Conservation efforts have paid off too well among the crocodile population
From being on the verge of extinction in the mid-70s, the crocodile population in India has seen a steady growth owing to conservation efforts. However, this has also resulted in increasing human-crocodile conflict.
Experts have raised concerns over human activity in crocodile habitats, which have cost human as well as crocodile lives.
Before conservation efforts took off, instances of conflict were reported mostly from West Bengal, Odisha and Andaman and Nicobar Islands. But now, conflicts now have extended to other areas such as Gujarat, Rajasthan and Madhya Pradesh.
Of the three crocodilians found in India, mugger crocodile and saltwater crocodile are on the endangered list of the IUCN (International Union for Conservation of Nature) while gharial, found only in the Indian subcontinent, is listed as critically endangered.
‘Numbers have gone up’
According to B.C. Choudhury, member of IUCN’s Species Survival Commission, the number of crocodiles in the wild has gone up from a few hundreds recorded in 1974 to several thousands now. “In the last 35 years, about 10,000 crocodiles were bred and released into habitats. Nearly 8,000 mother crocodiles are in captivity at 39 crocodile centres and 17 zoos across the country,” he told The Hindu.

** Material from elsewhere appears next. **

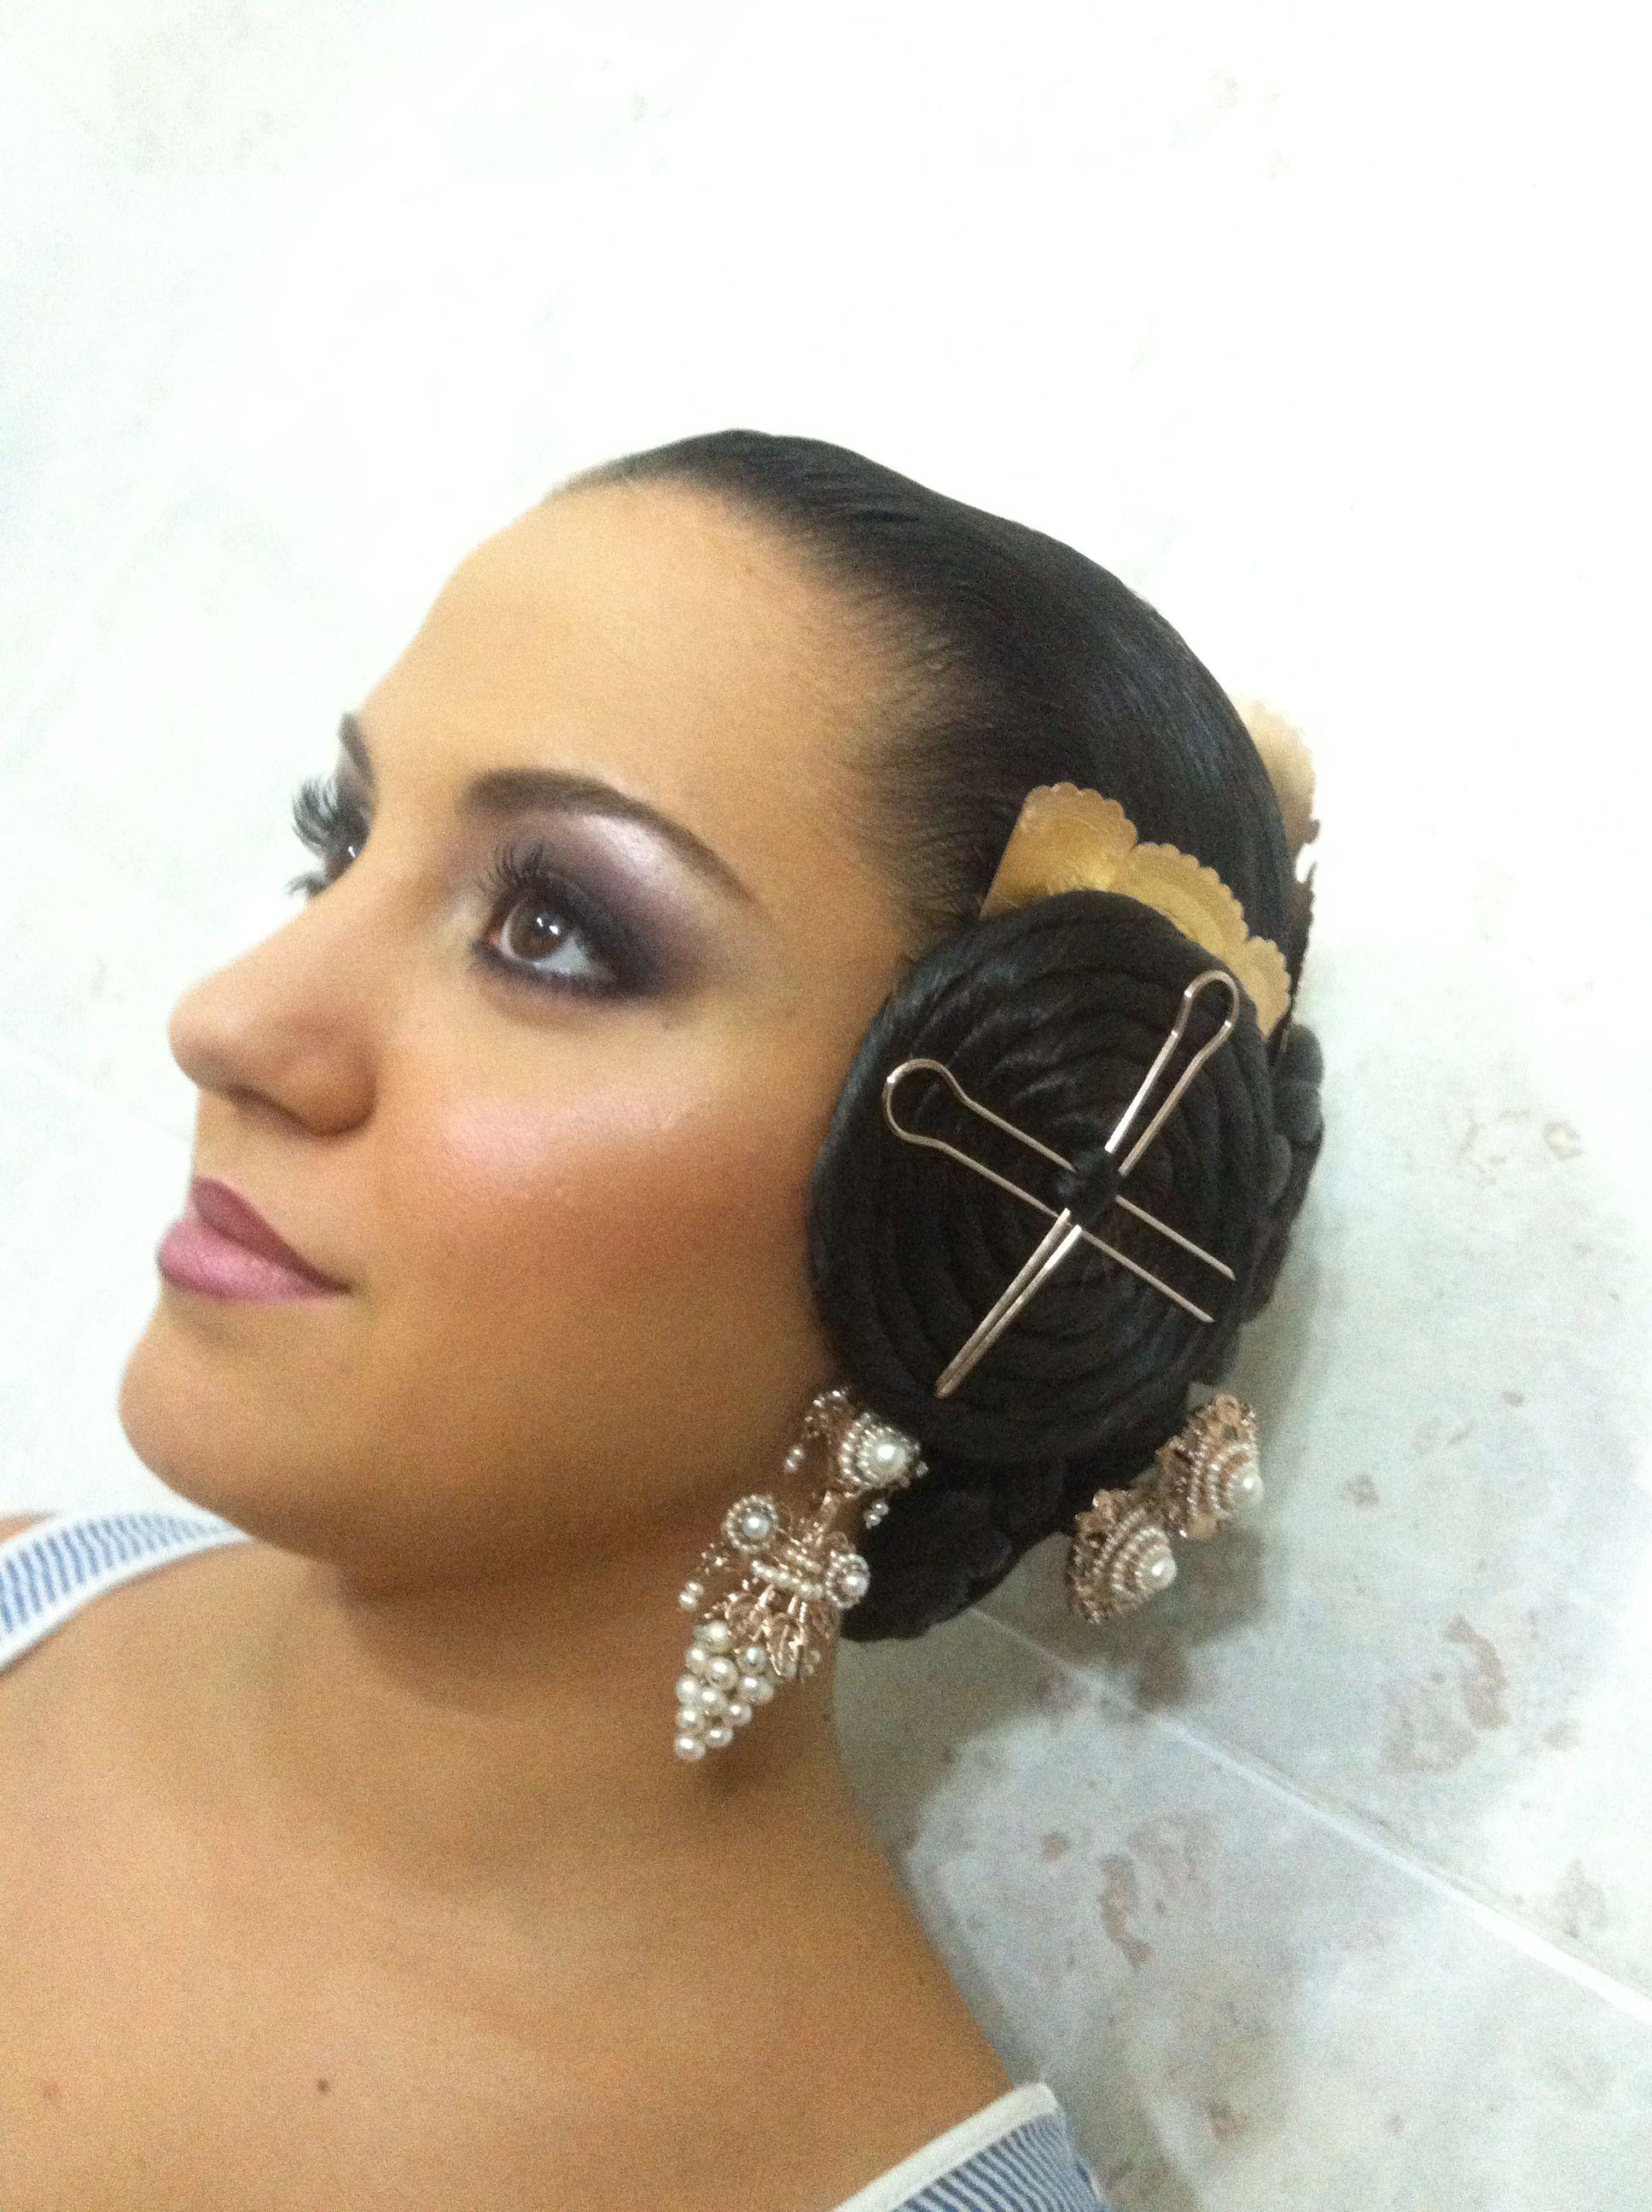 Super dulce peinados de fallera Galería De Consejos De Color De Pelo - Maquillaje y peinado de fallera | Maquillaje, Peinados

Though the Union government has imposed a moratorium on the release of crocodiles into the wild, he said some States are still translocating them without considering the carrying capacity of the habitats.

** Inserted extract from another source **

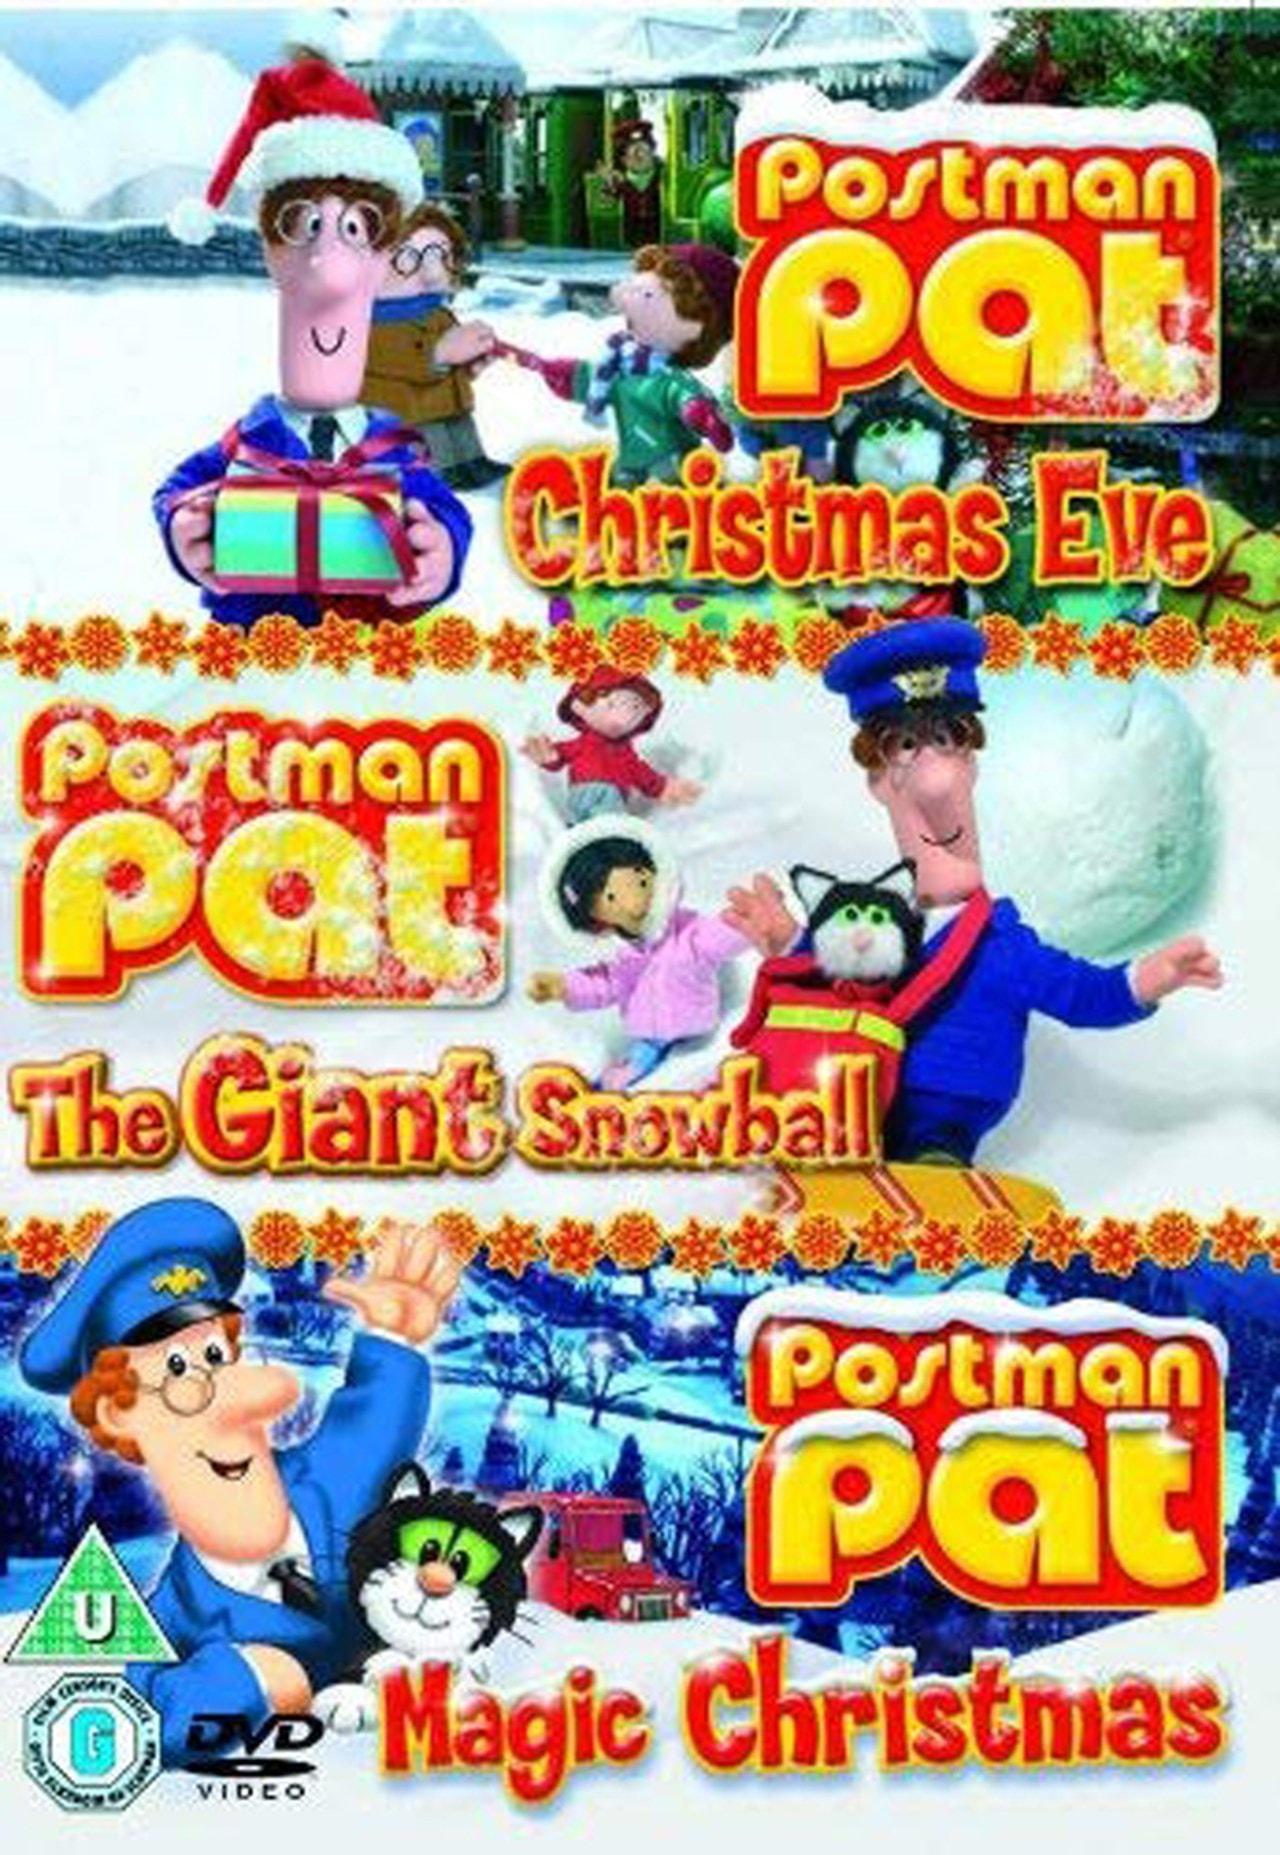 Postman Pat: Christmas Collection - 1

Bivash Pandav of Wildlife Institute of India, who presented a paper on the Bhitarkanika mangroves in Odisha, at the Symposium on Human-Crocodile Conflict at the 2nd Asia Regional Conference of the Society for Conservation Biology here on Thursday, mentioned the high density of saltwater crocodile in one part of the mangroves while the other part had a sparse population. “The population of crocodiles, which was less than 100 in 1976, has now crossed 1,600.” The distribution, however, is skewed, he pointed out.
One of the reasons for the conflict is that the crocodile breeding season tends to overlap with the agricultural season, Mr. Choudhury said. Crocodiles, being highly territorial, tend to be overcautious while protecting their nests.
Why the conflicts
Livelihood-based sustenance activities such as fishing and agriculture, illegal fishing in protected habitats and increase in the use of water bodies for recreation purposes among others are bringing crocodiles into conflict with humans.
According to Nikhil Whitaker, curator of Madras Crocodile Bank Trust (MCBT), factors in crocodile attacks include self-defence, mistaken identity and defending nests and the young. But, he added, in some locations, indigenous people have lived with the reptiles without any conflict.
Shift in dietary habits and increasing number of stray dogs are also among the reasons for human-crocodile conflict. Mr. Choudhury said: “In the Andamans, migrants, who prefer chicken over seafood, have brought the chicken culture. Chicken waste is disposed of in the creeks, attracting crocodiles to human habitation.” Likewise, stray dogs attack crocodile nests looking for eggs.